Update all invocations to use the new context. The changes are all fairly simple, but there are a lot of them.
Supporting minor changes:
- Patch bump for all nodes that use the context
- Update invocation processor to provide new context
- Minor change to `EventServiceBase` to accept a node's ID instead of the dict version of a node
- Minor change to `ModelManagerService` to support the new wrapped context
- Fanagling of imports to avoid circular dependencies
Methods `get_node` and `complete` were typed as returning a dynamically created unions `InvocationsUnion` and `InvocationOutputsUnion`, respectively.
Static type analysers cannot work with dynamic objects, so these methods end up as effectively un-annotated, returning `Unknown`.
They now return `BaseInvocation` and `BaseInvocationOutput`, respectively, which are the superclasses of all members of each union. This gives us the best type annotation that is possible.

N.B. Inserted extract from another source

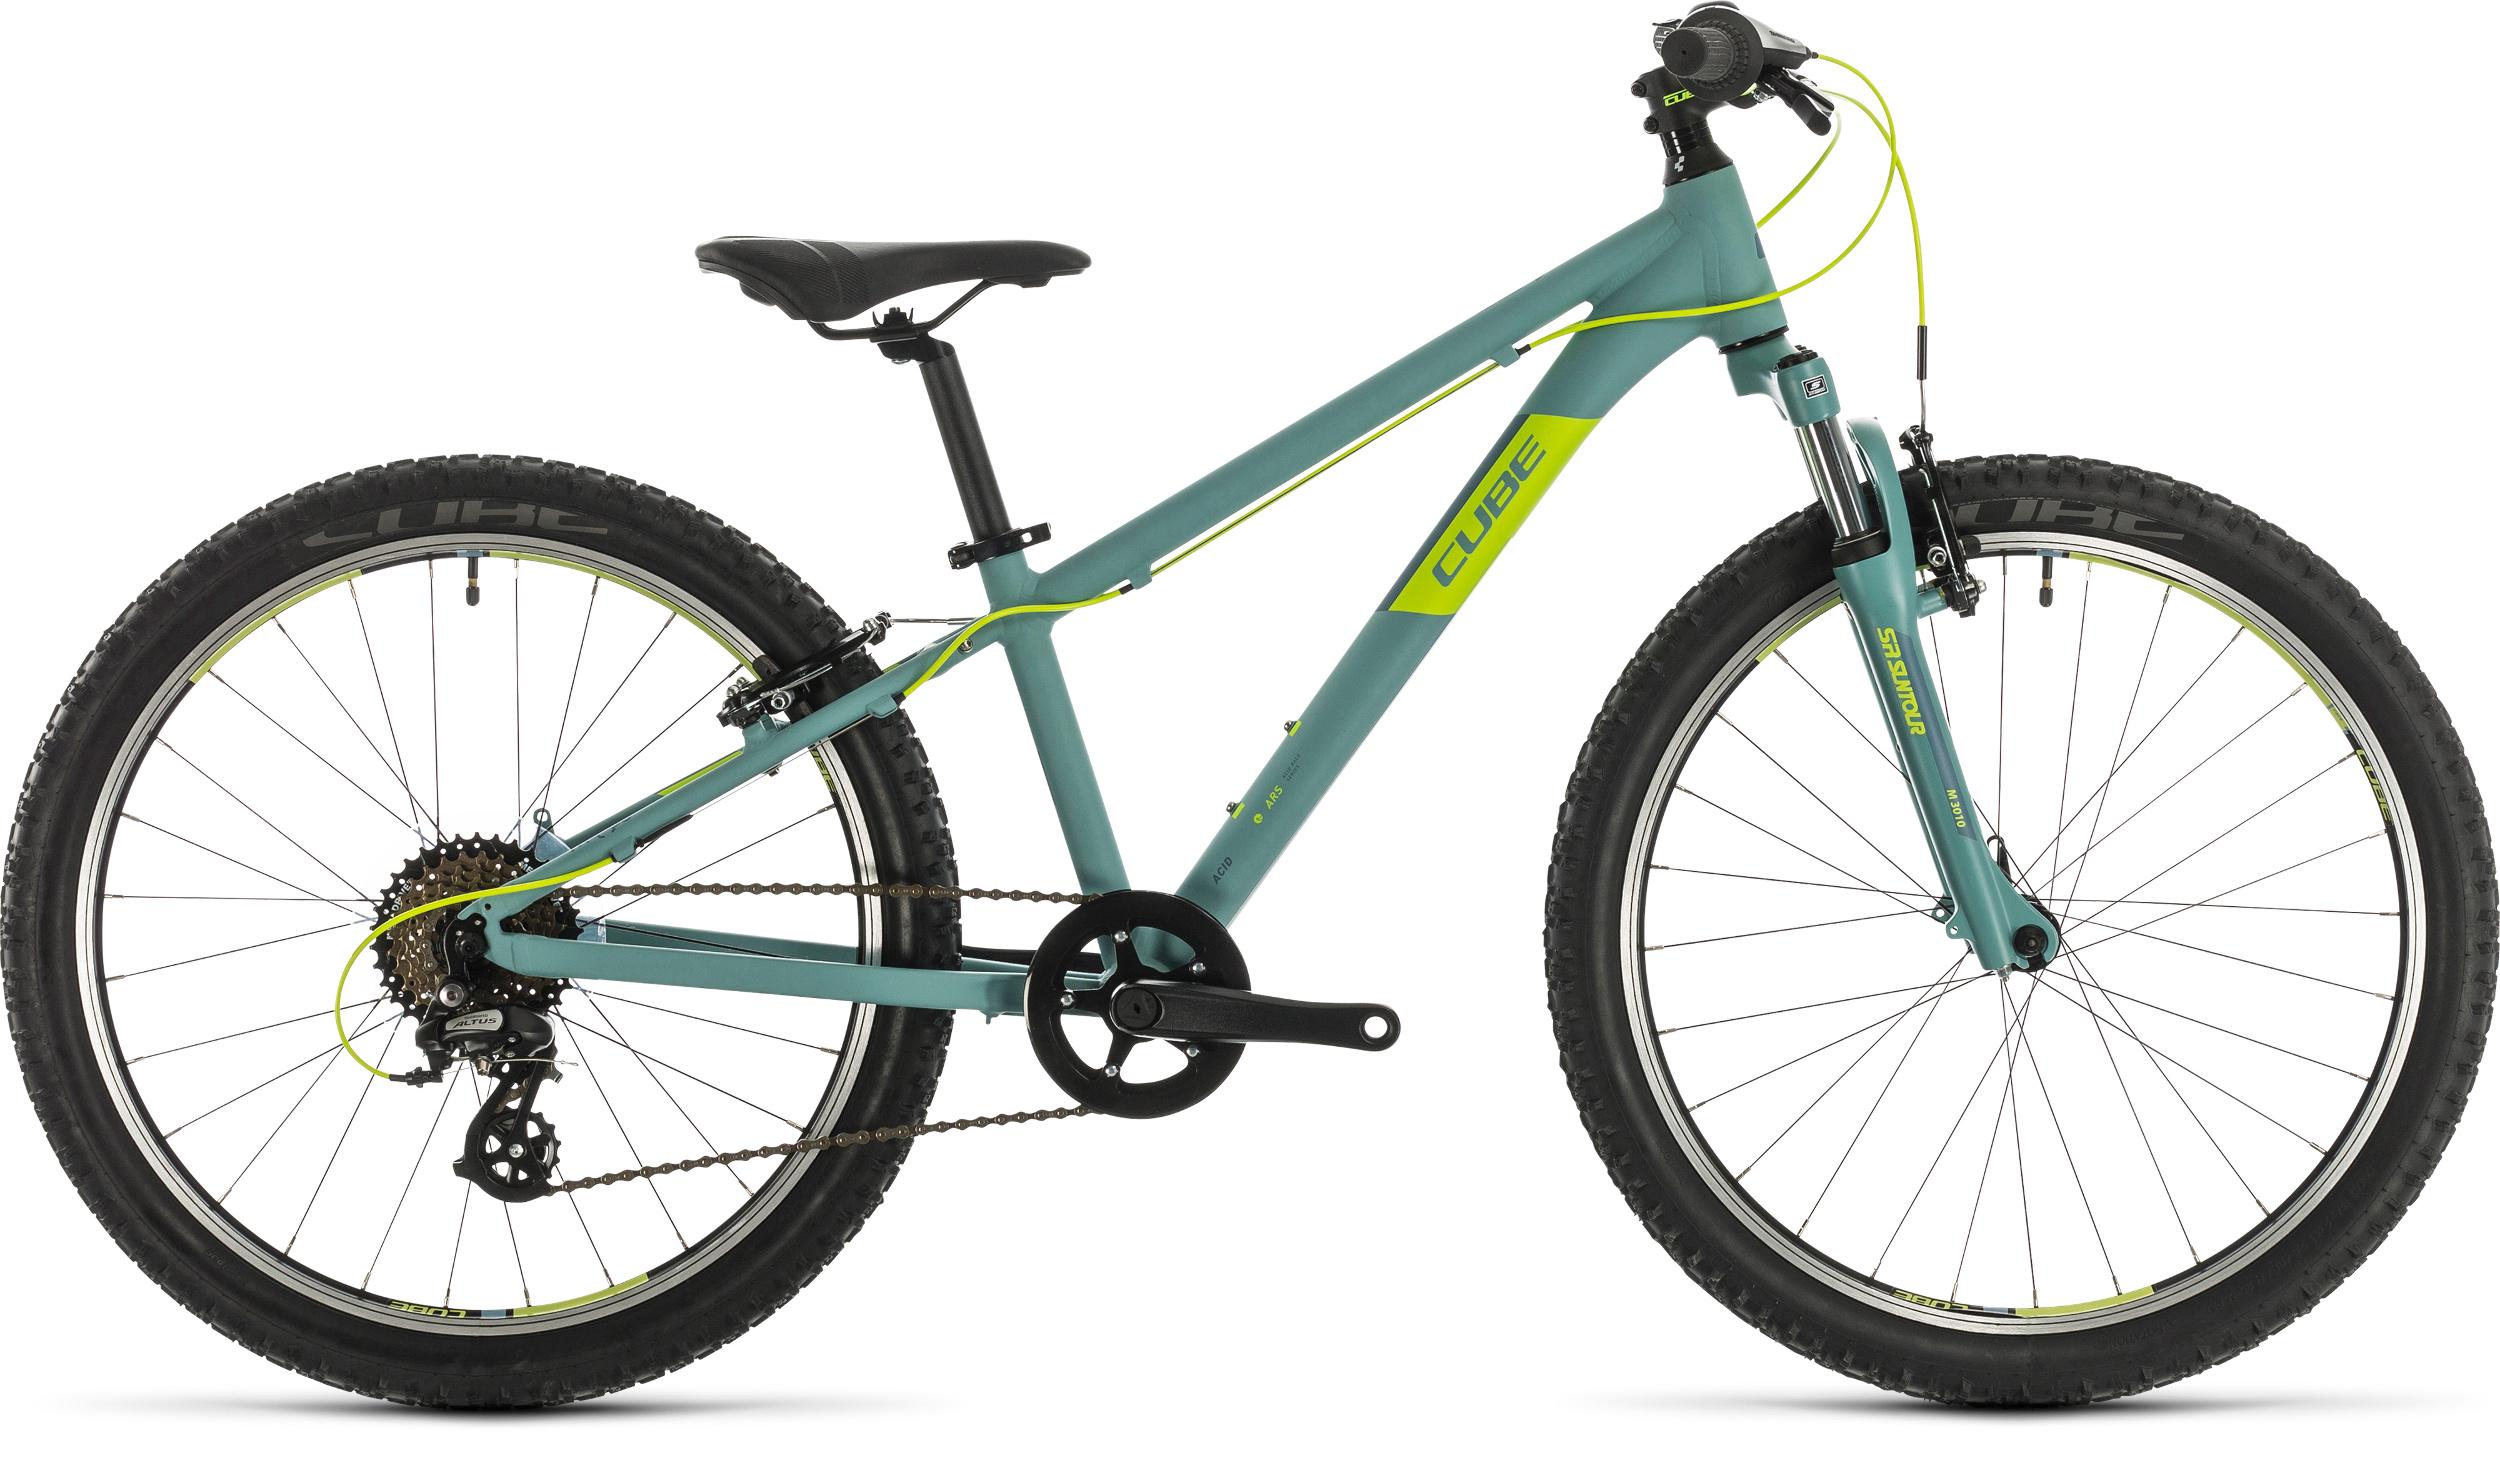 Cube Acid 240 24in Wheel Kids Bike 2020 Green/Lime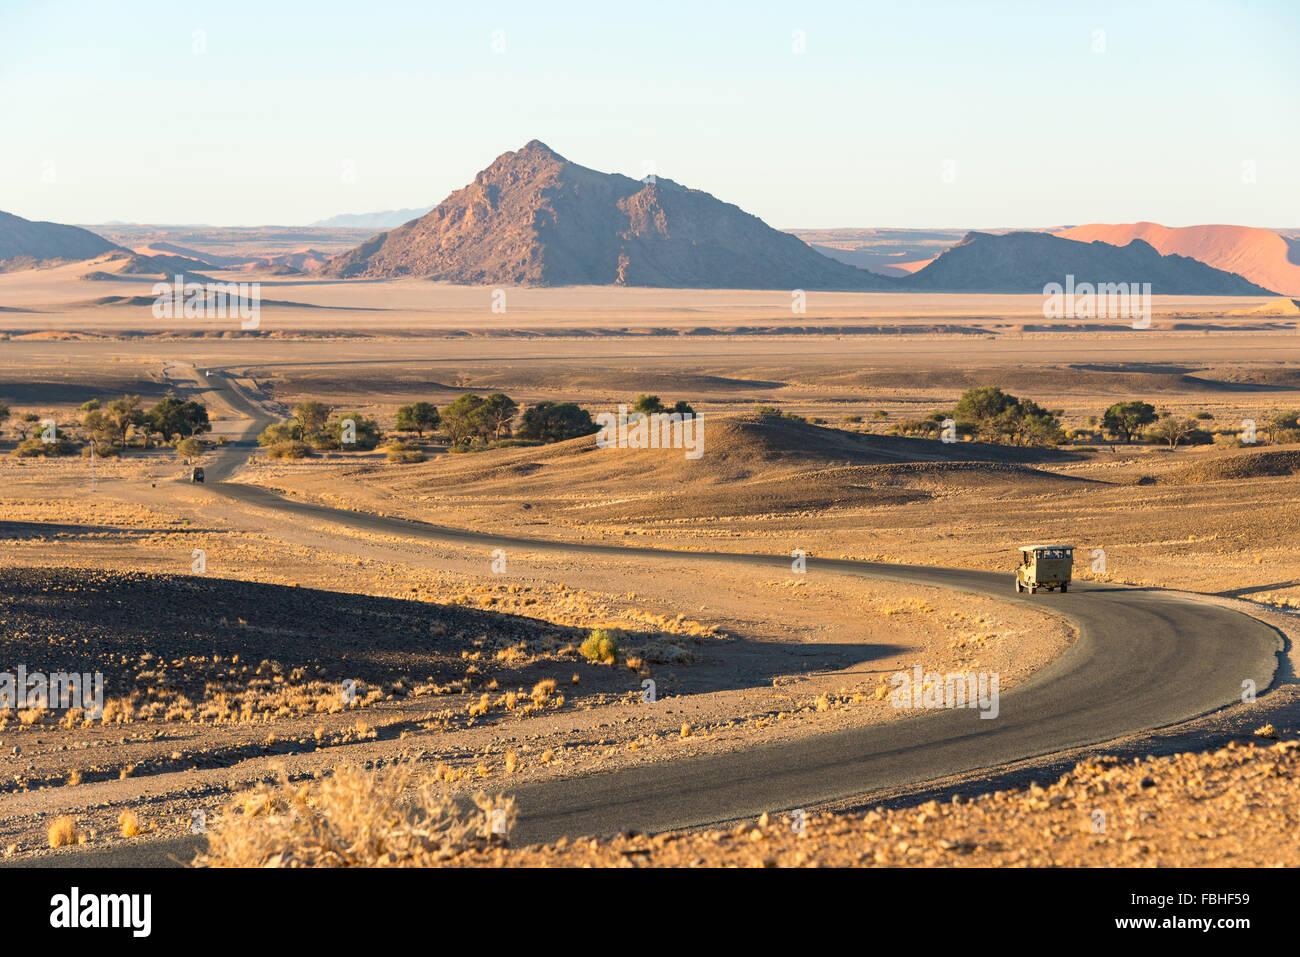 Road to Solitaire, Namib Naukluft Park, Namib Desert, Republic of Namibia - Stock Image

Note: the return types of these methods are never introspected, so it doesn't really matter what they are at runtime.
The change to memory session storage brings a subtle behaviour change.
Previously, we serialized and deserialized everything (e.g. field state, invocation outputs, etc) constantly. The meant we were effectively working with deep-copied objects at all time. We could mutate objects freely without worrying about other references to the object.
With memory storage, objects are now passed around by reference, and we cannot handle them in the same way.
This is problematic for nodes that mutate their own inputs. There are two ways this causes a problem:
- An output is used as input for multiple nodes. If the first node mutates the output object while `invoke`ing, the next node will get the mutated object.
- The invocation cache stores live python objects. When a node mutates an output pulled from the cache, the next node that uses the cached object will get the mutated object.
The solution is to deep-copy a node's inputs as they are set, effectively reproducing the same behaviour as we had with the SQLite session storage. Nodes can safely mutate their inputs and those changes never leave the node's scope.
Closes #5665